Scientific classification
- Kingdom: Animalia
- Phylum: Chordata
- Class: Aves
- Order: Accipitriformes
- Family: Accipitridae
- Genus: Buteo
- Species: B. ventralis
- Binomial name: Buteo ventralis Gould, 1837

= Rufous-tailed hawk =

- Genus: Buteo
- Species: ventralis
- Authority: Gould, 1837
- Conservation status: EN

Species of bird

The rufous-tailed hawk (Buteo ventralis) is a species of bird of prey in the family Accipitridae.

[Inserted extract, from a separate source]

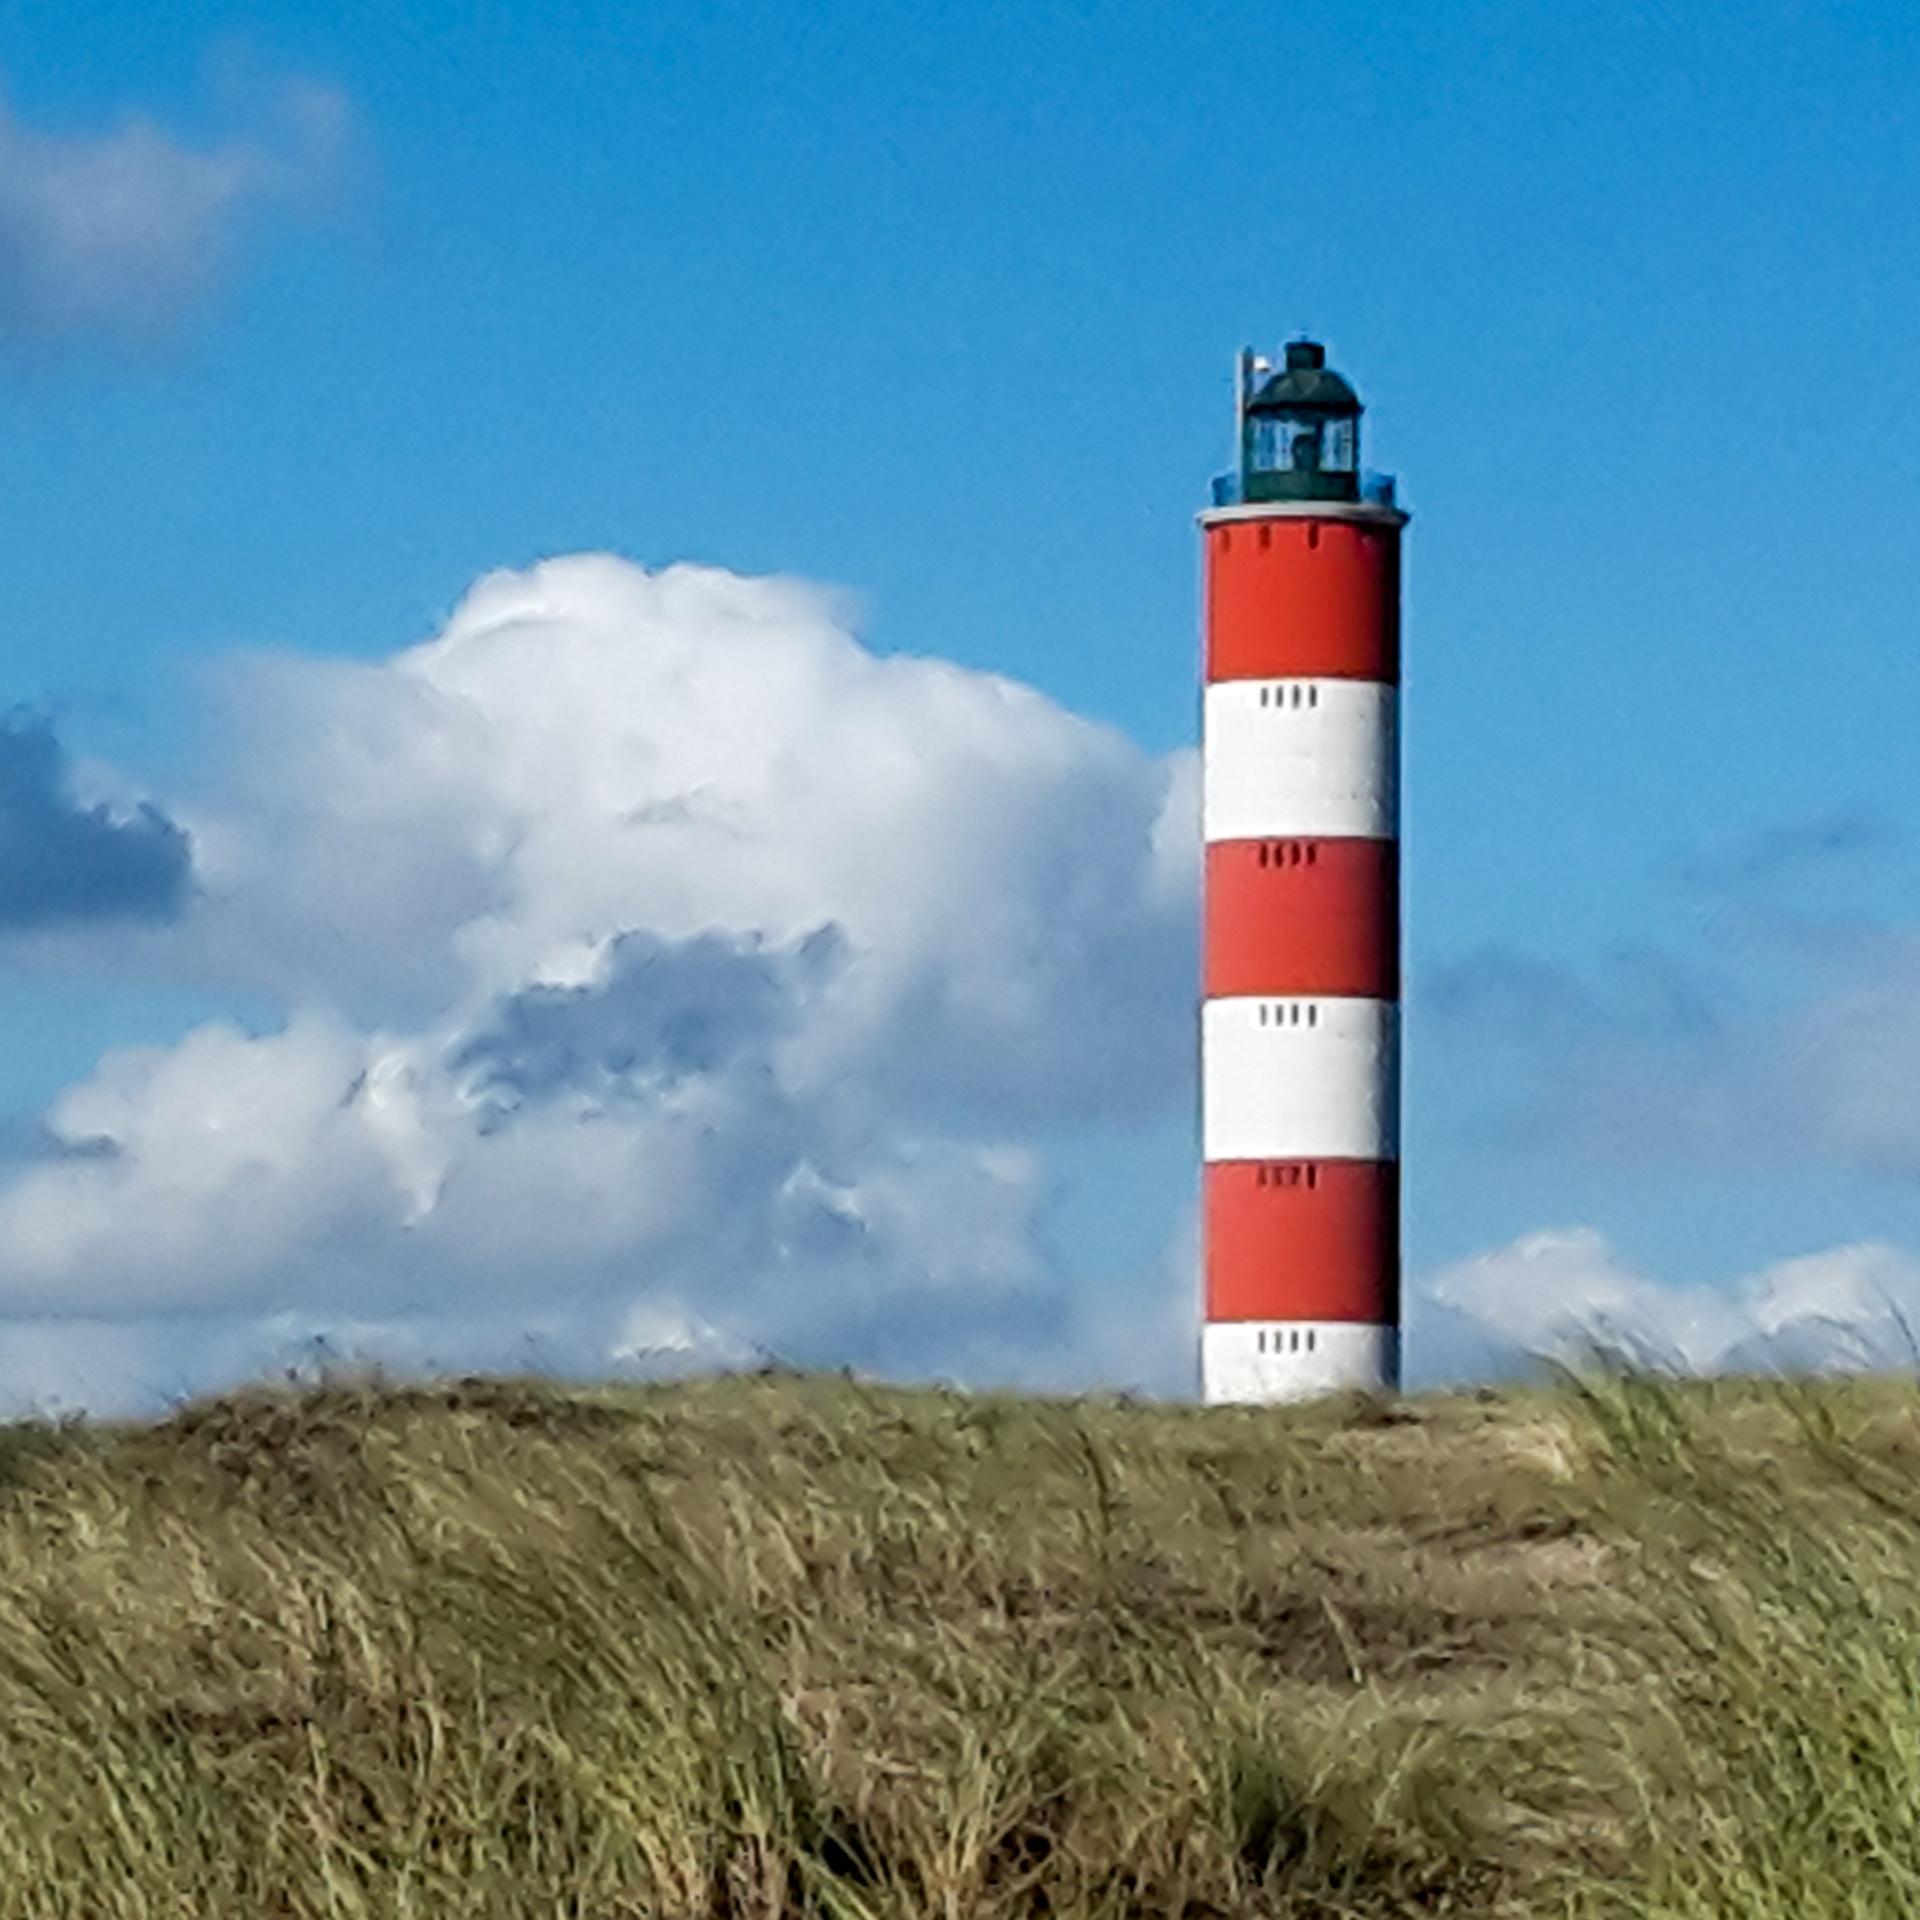 Le phare de Berck
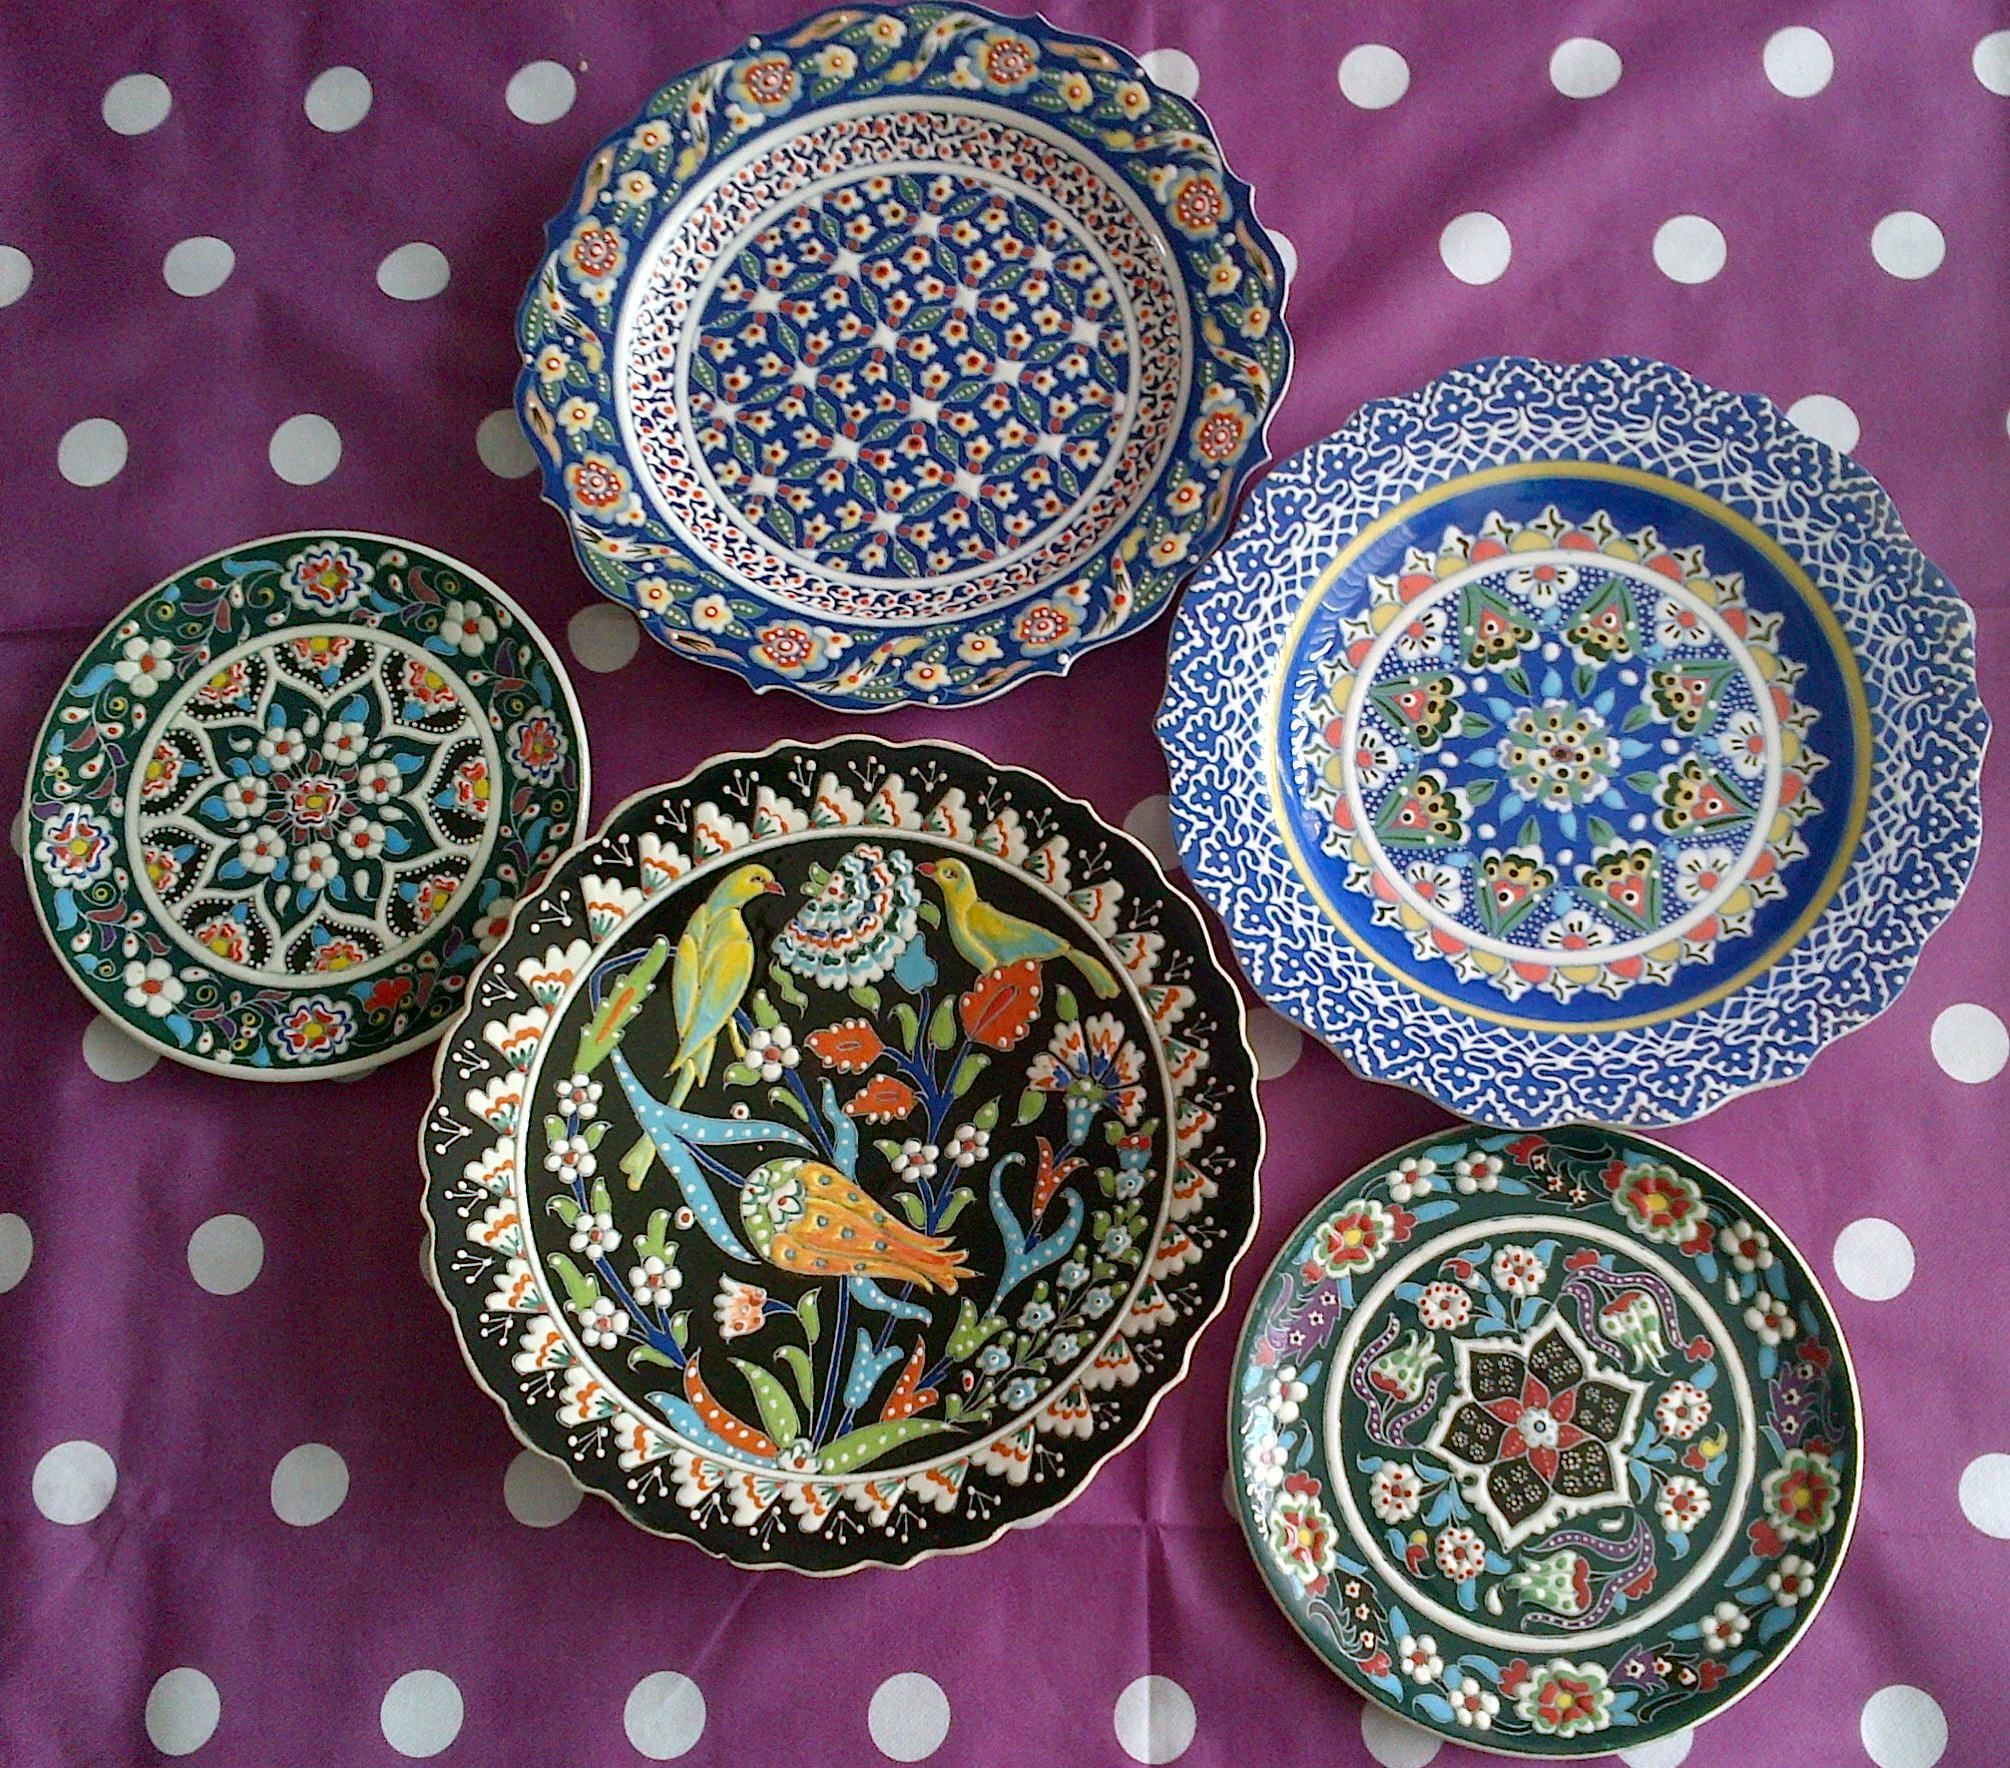 Turkish Plates Turkish Plates Plates On Wall Plate Decor

The rufous-tailed hawk is found in southern Argentina and Chile, including the entire region of Tierra del Fuego. Its natural habitats are temperate forests, subtropical or tropical dry shrubland, subtropical or tropical high-altitude shrubland, and temperate grassland.

== Description ==
The rufous-tailed hawk is similar to the red-tailed hawk. It was first recorded by Charles Darwin in Patagonia while on his voyage of the Beagle. The rufous-tailed hawk is a medium-sized hawk with a wing span of 45–60 cm. The overall size range of the hawk is 54–60 cm. There are two different colorations of the rufous-tailed hawk. The more common pale version of the hawk has a blackish brown upper parts, with a darker cap and cinnamon feathers along the side of the head and neck. The belly is white with dark markings and reddish brown coloration on it. The dark version is basically all black with whitish edging on the feathers. The call of the rufous-tailed hawk sounds like kee-ahrr.

== Habitat ==
The rufous-tailed hawk has been spotted living in a number of different habitat types, including evergreen beech forest, mature forest and new growth forest that have been burned over, and finally in open country. The best theory for their ideal habitat was developed by Figueroa et al. (2000), Trejo et al. (2006), and Rivas et al. (2009), who all suggested that rufous-tailed hawks' ideal habitat is somewhere with high trees near open areas that are good for hunting for prey. So far, there have been no reports of the rufous-tailed hawk living in human areas like cities or abandoned buildings.

== Feeding ==
The rufous-tailed hawk feeds on a large variety of prey. They feed on everything from other birds to mammals and reptiles. This shows that rufous-tailed hawks have a very broad diet that is similar to the red-tailed hawk. Figueroa et al. (2000) reported the rufous-tailed hawk feeding on southern lapwing, Norwegian rat, European hare, red-breasted meadowlark, Chilean flicker, short-tailed snake, and even a few unidentified beetles. Feeding or prey capture was also recorded to happen in forest and in prairies.

== Breeding ==
Rufous-tailed hawks have a longer recorded nestling period compared to other species of Buteo. Rufous-tailed and red-tailed hawks have around the same nestling periods: around 49 days for rufous-tailed hawks compared to 45–46 days for red-tailed hawks. The egg clutch size of a rufous-tailed hawk has only been reported to between 1-3 eggs in a nest.

== Threats ==
Rufous-tailed hawks are threatened by many factors, especially habitat loss. Rufous-tailed hawks have been losing their habitat because of logging, over grazing by sheep and cattle, and the growth of Pinus and Eucalyptus plantations. Pinus radiata and Eucalyptus globulus are fast-growing invasive plants that were introduced in order to spur the timber industry in Chile. The other main threat to rufous-tailed hawks are local people, who sometimes kill these birds because rufous-tailed hawks attack and eat their domesticated animals.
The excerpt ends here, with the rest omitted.